# anyone wanna start a weekly weigh in thread???



## jooles (Aug 3, 2008)

hi girls!!

just wondering if anyone fancied a weekly weigh in result board? was thinking we could pick a day where we all get weighed then post any losses or gains on here? think it would be good if we could all motivate each other but i know it can be hard when on tx etc so just a thought!! no problem if it isnt a "goer" 

jules


----------



## Suzejdc (May 13, 2007)

Oh good luck Jules, I think this sounds like a brilliant idea! Easier when there are others doing it and to help spur each other on.

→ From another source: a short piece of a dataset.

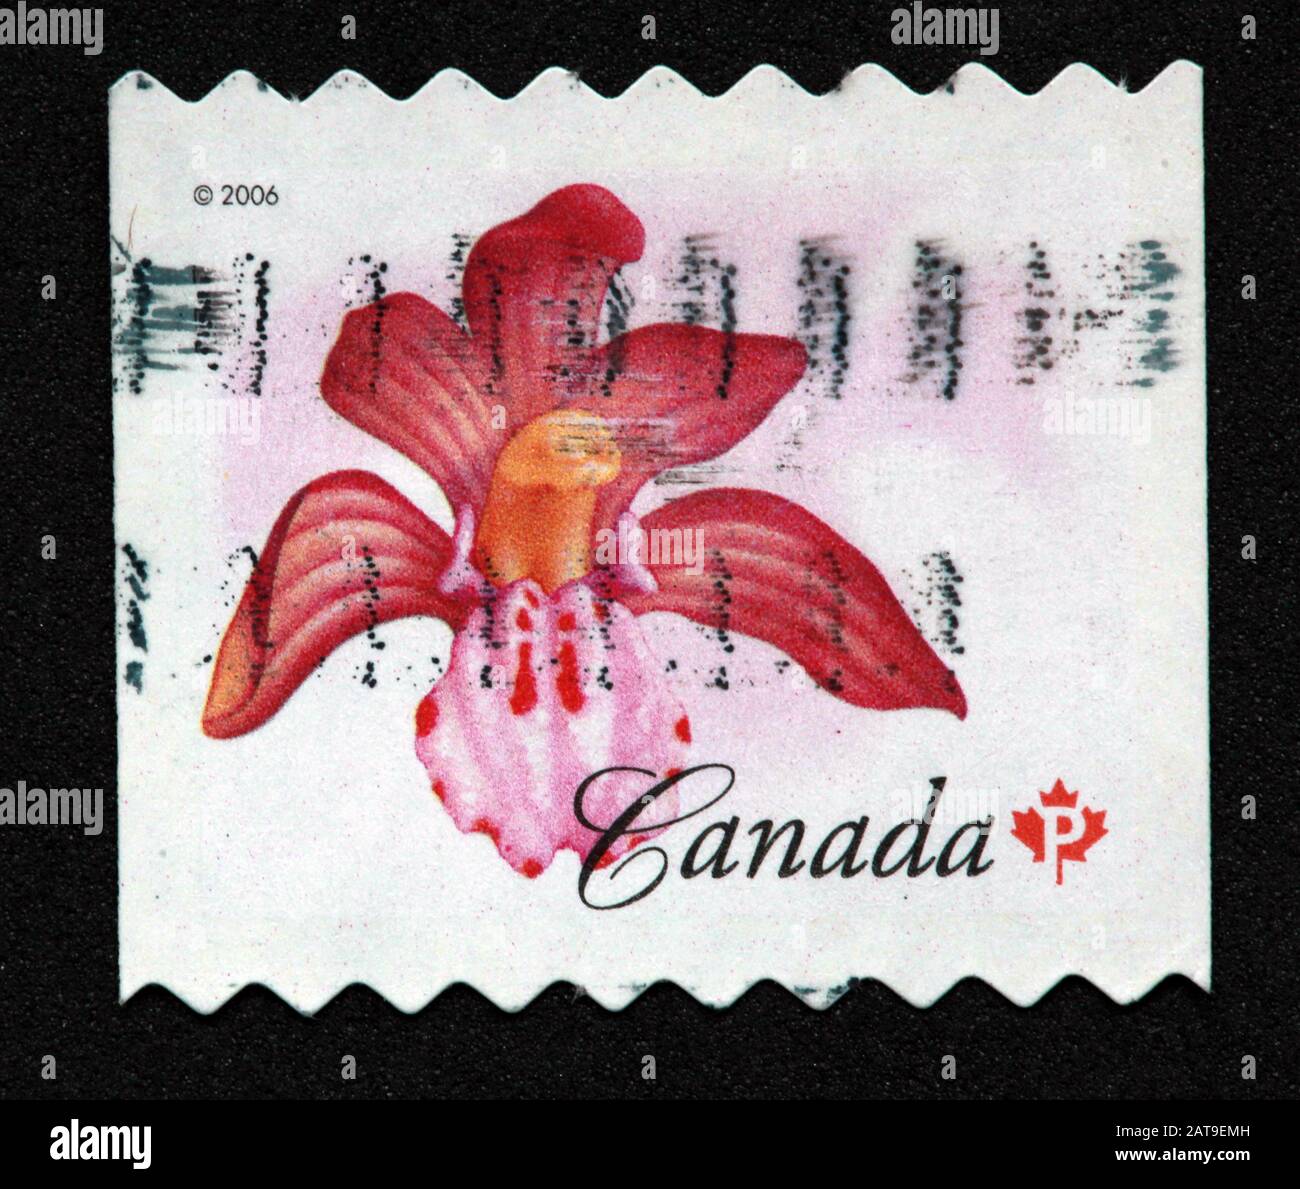 Canadian Stamp, Canada Stamp, Canada Post, usato Stamp, Canada, 2006, fiore, fiore rosso, Corallorhiza maculata Foto Stock

I'll be needing soemthing like this in 6 months time!


----------



## two_babies (Sep 2, 2008)

Good one Jooles !!!


----------



## jooles (Aug 3, 2008)

okey dokey sounds good!!! 

wanna pick a night and well start next week maybe? what about a wednesday night just whatever suits ya all


----------



## Strawberry* (Jul 8, 2008)

Jooles sounds good to me.  I am back at Weightwatchers and it is on a Wed nite so I will log on and update you with my loss!  You can start with :

Wed 22nd April lost 5lbs


----------



## jooles (Aug 3, 2008)

happy days strawberry!!!! i put on 3 last week so hoping a weekend without my beloved wine and choc will make a difference on wednesday!! ill post and let ya know!!! how everyone else gettin on


----------



## jooles (Aug 3, 2008)

oh oh 2lbs 2oz on this week!!! what the   - and thats without the wine and chocs and munchies last weekend


----------



## Strawberry* (Jul 8, 2008)

yay go Jooles!!!

Reporting for duty ... i had another 2.5 off   couldn't beleive it!  So I am 7.5lbs down in 2 weeks


----------



## jooles (Aug 3, 2008)

nice one strawberry!!!

keep this up and there will be nowt left of ya    youll be putting me to shame!! im back on straight and narrow tomoro - weekends are always a feckin killer


----------



## Anthony Reid (Jan 1, 2002)

Don't forget we have the belly buddies weight loss group - you have to ask for access in the tech support board.


----------



## jooles (Aug 3, 2008)

thanks tony will check that out


----------



## Strawberry* (Jul 8, 2008)

another little half lb off   takes it to 8lbs of fat gone


----------



## jooles (Aug 3, 2008)

woohoo well done strawberry - you go girl     i stayed the same so happy enough with that after mad weekend of drinkies and munchies


----------



## Strawberry* (Jul 8, 2008)

hey that is good after a mad weekend


----------